══ Provided data

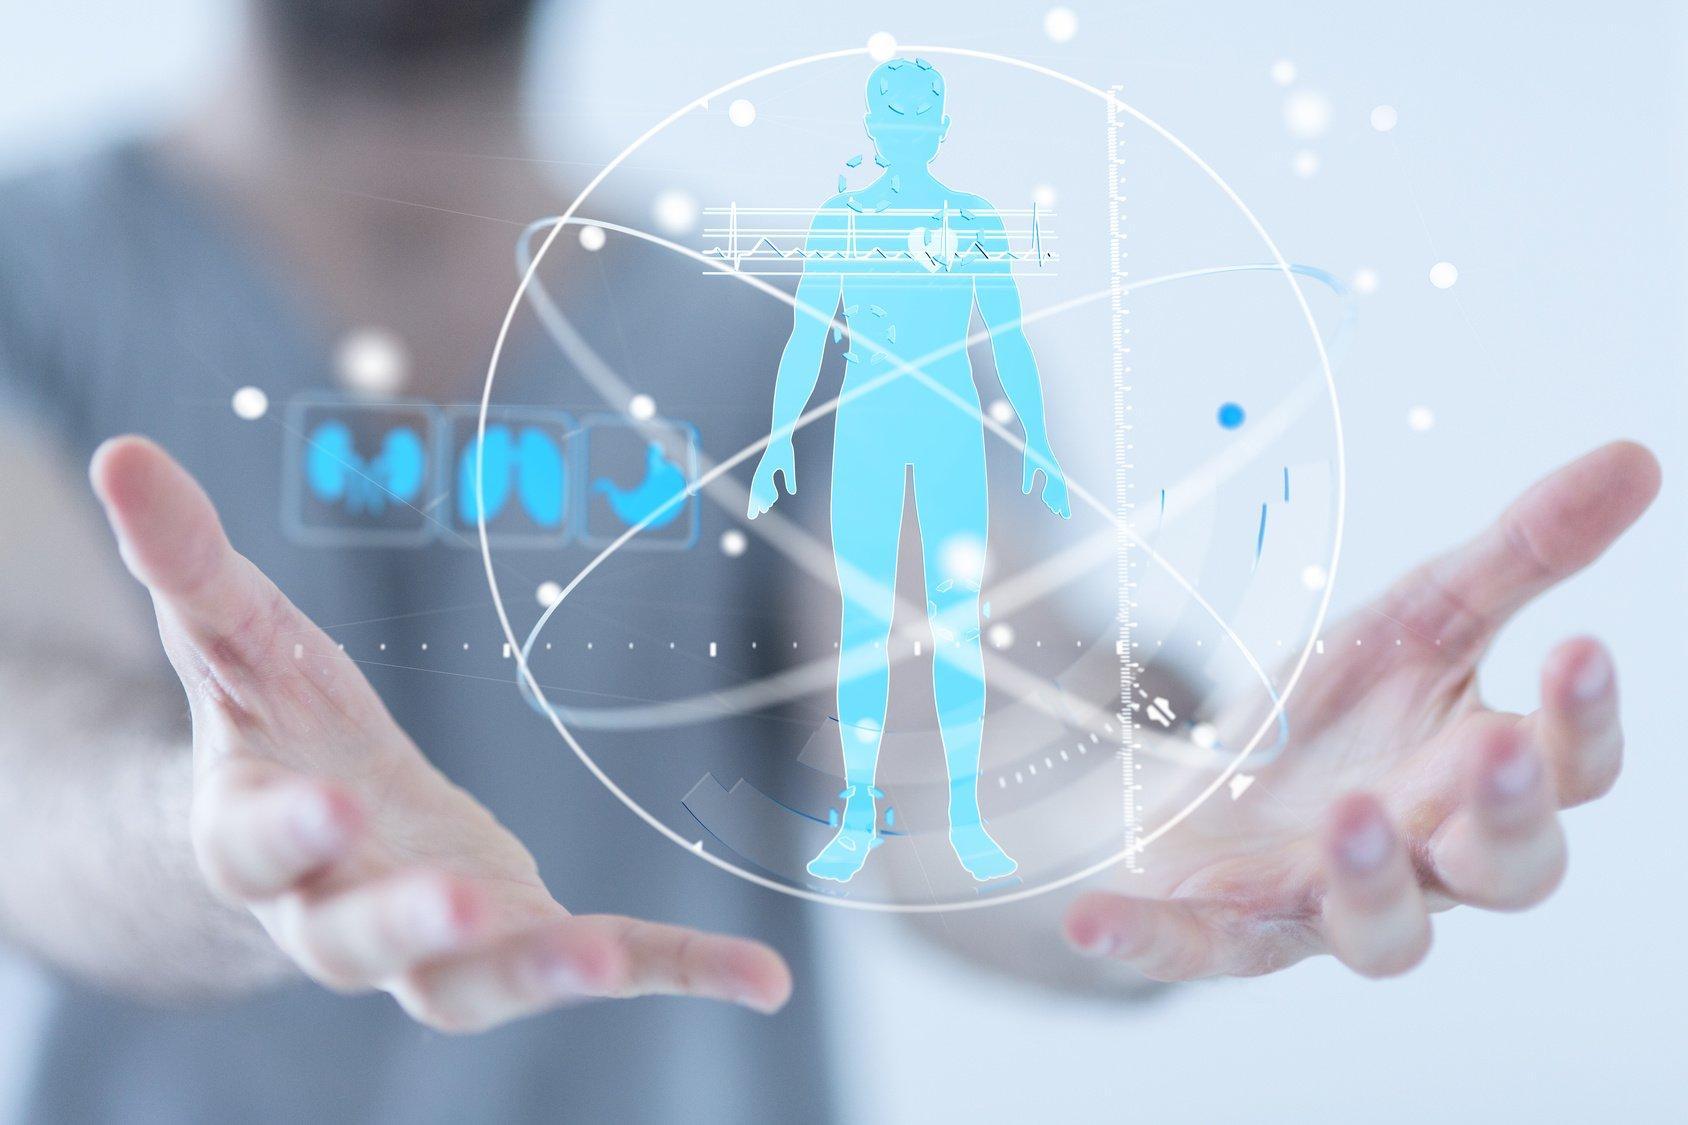 Frontiers Health 2016, vieni a scoprire il futuro della sanità
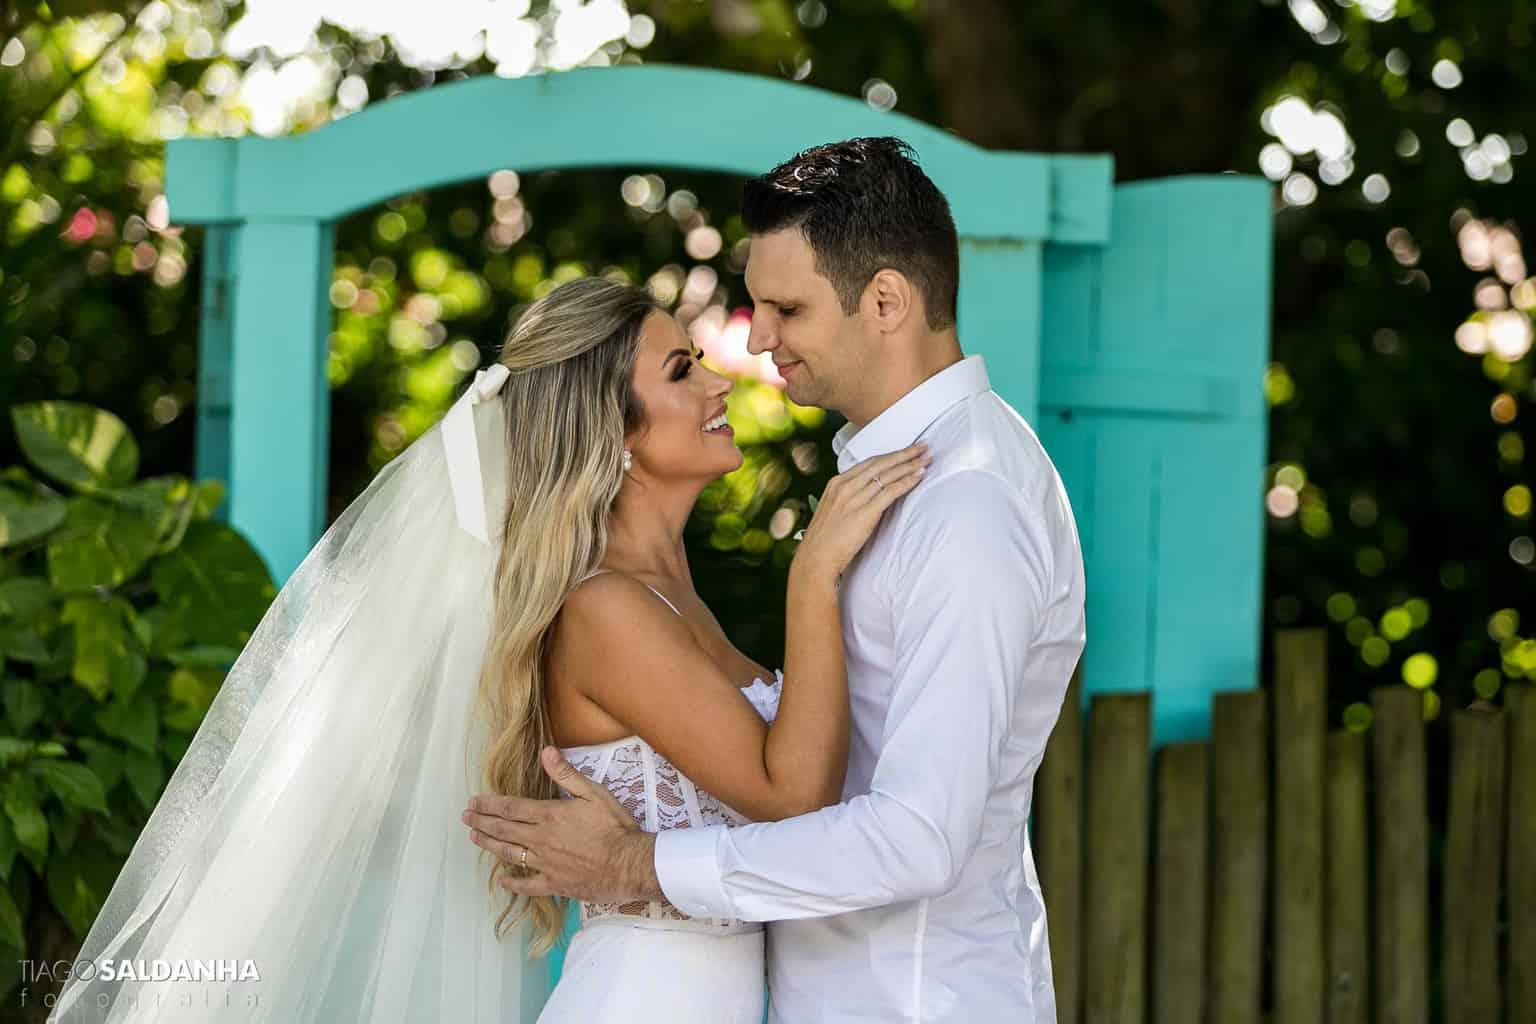 Casamento-Chandrélin-e-Laureano-cerimonia-na-igreja-Chan-e-Lau-foto-do-casal-Igreja-do-Quadrado-Trancoso7
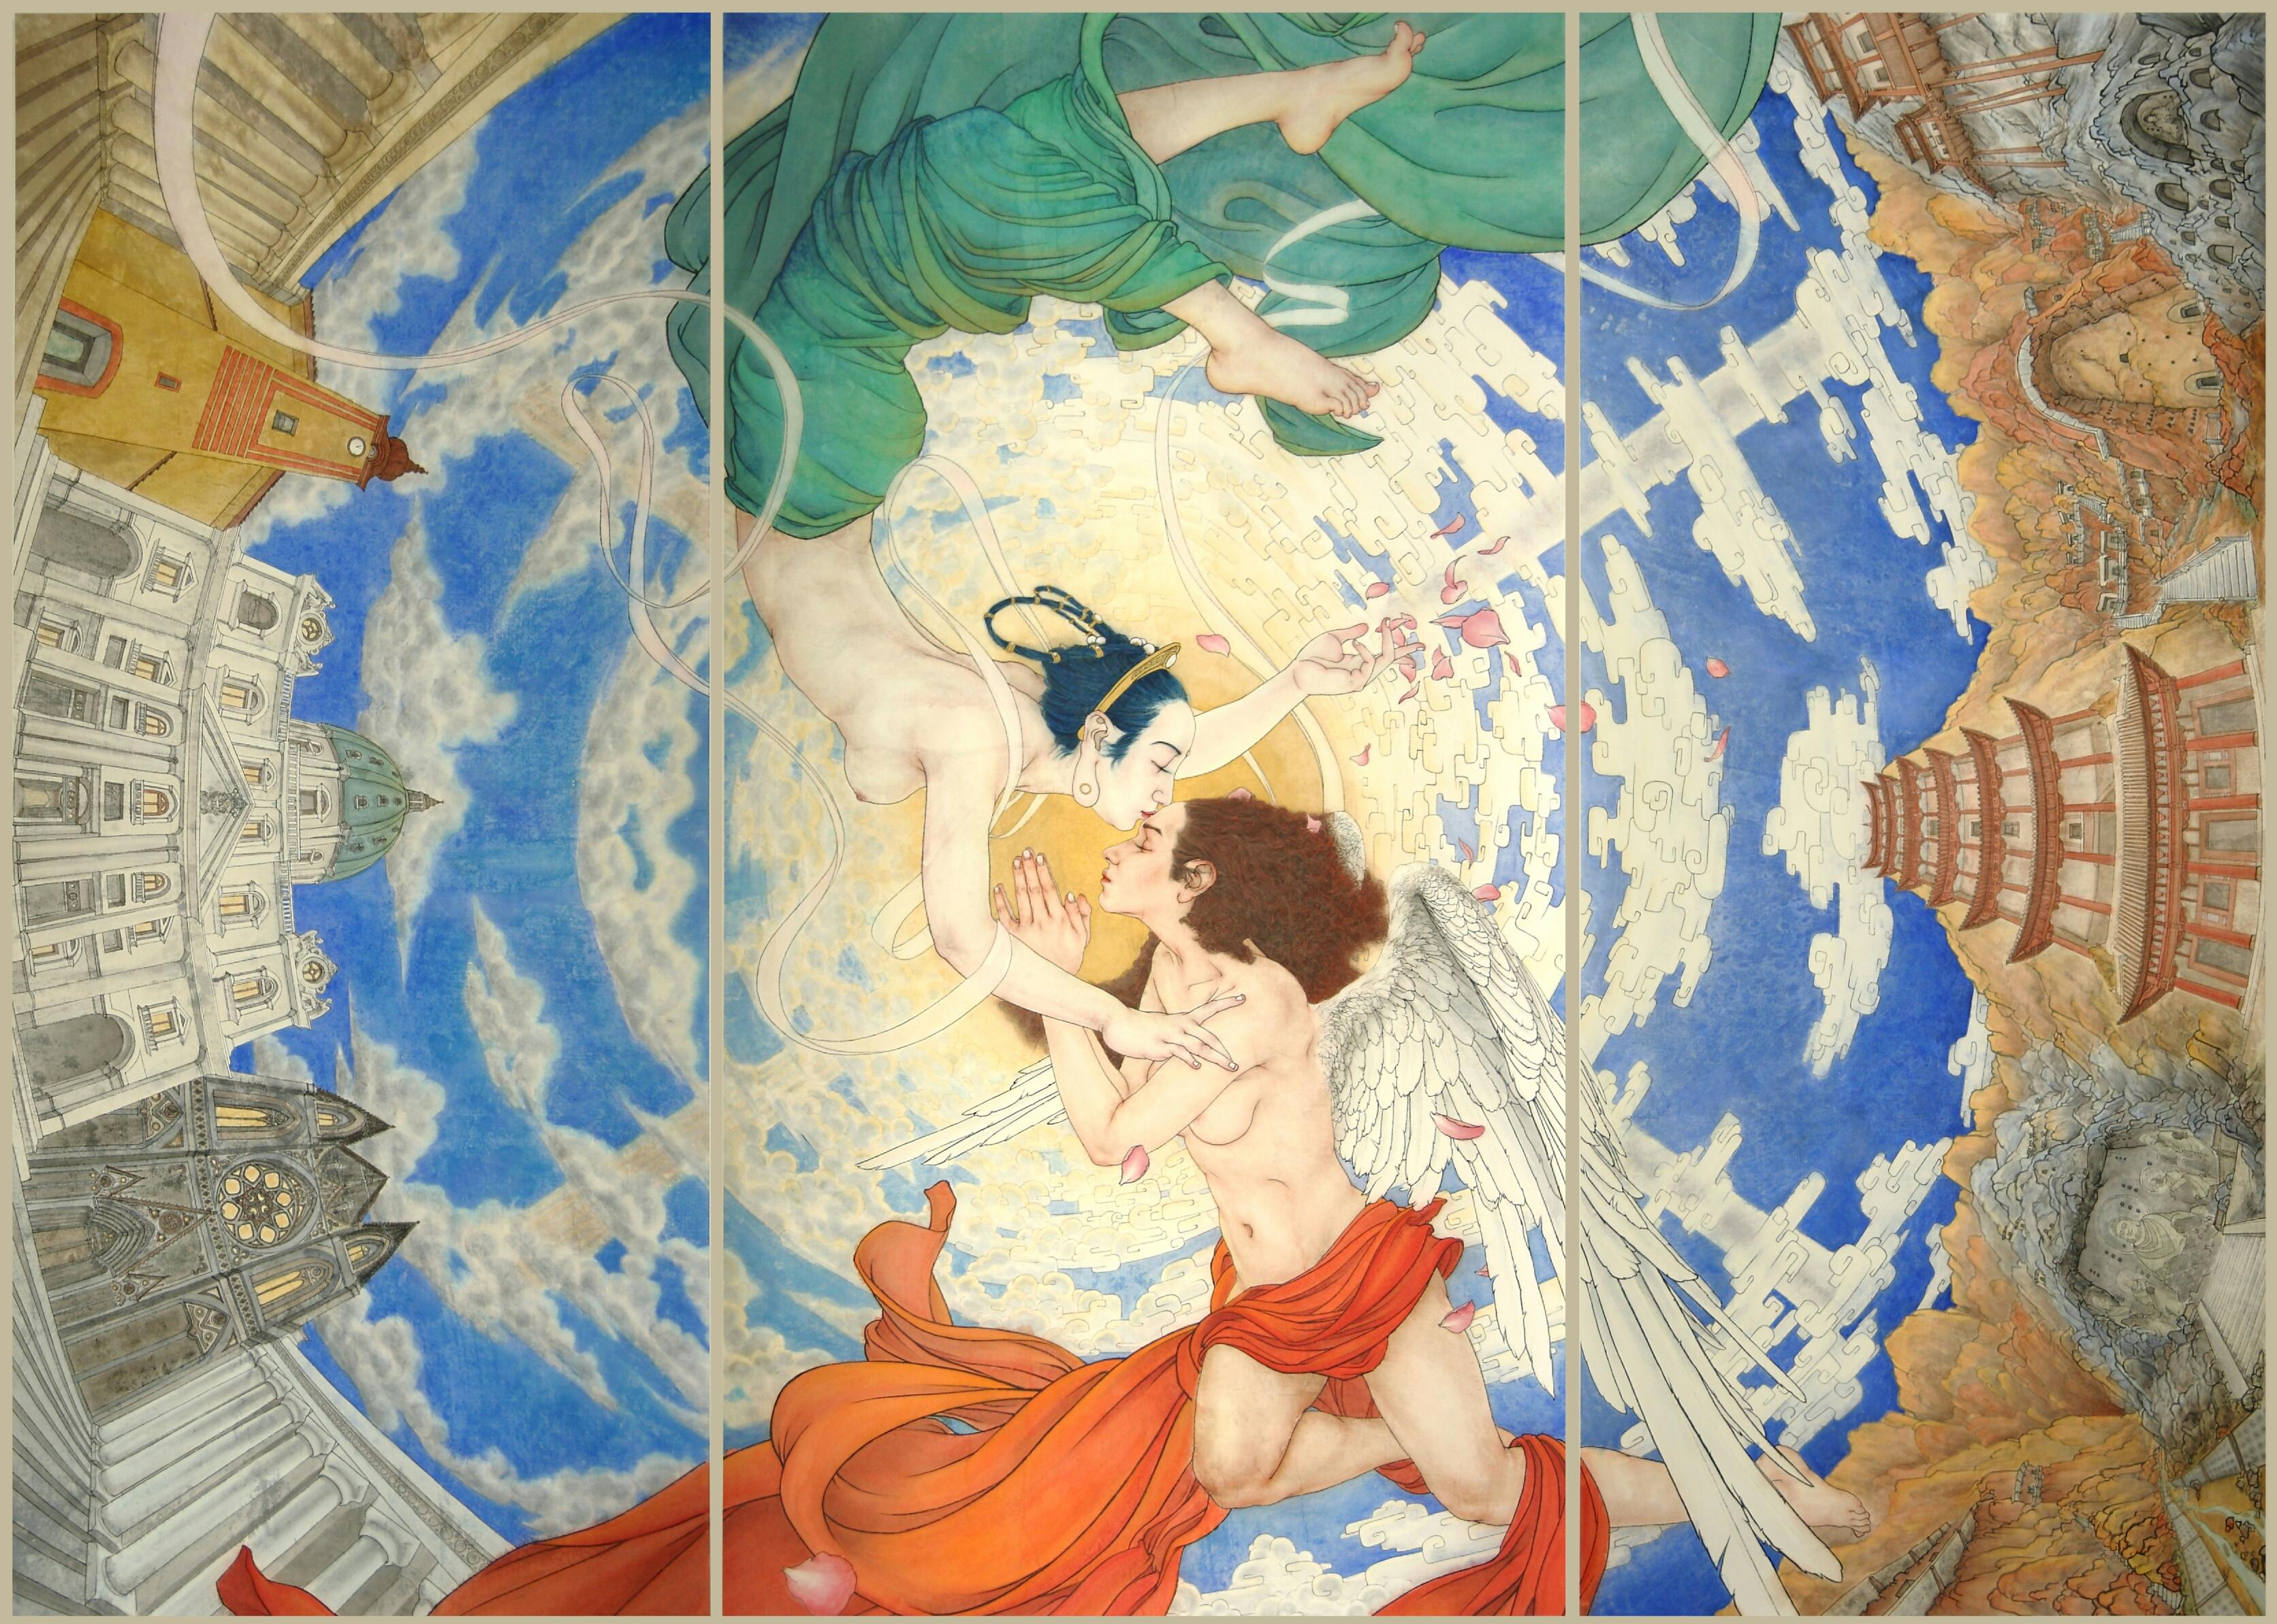 Wieslaw Borkowski, 'Dialogue between Apsara and Angel'

════

Exercise directions: Take the line containing "Casamento-Chan" through the last line of the material and retype exactly those lines, both ends included, with no pictures.

Written solution:
 Casamento-Chandrélin-e-Laureano-cerimonia-na-igreja-Chan-e-Lau-foto-do-casal-Igreja-do-Quadrado-Trancoso7
 Wieslaw Borkowski, 'Dialogue between Apsara and Angel'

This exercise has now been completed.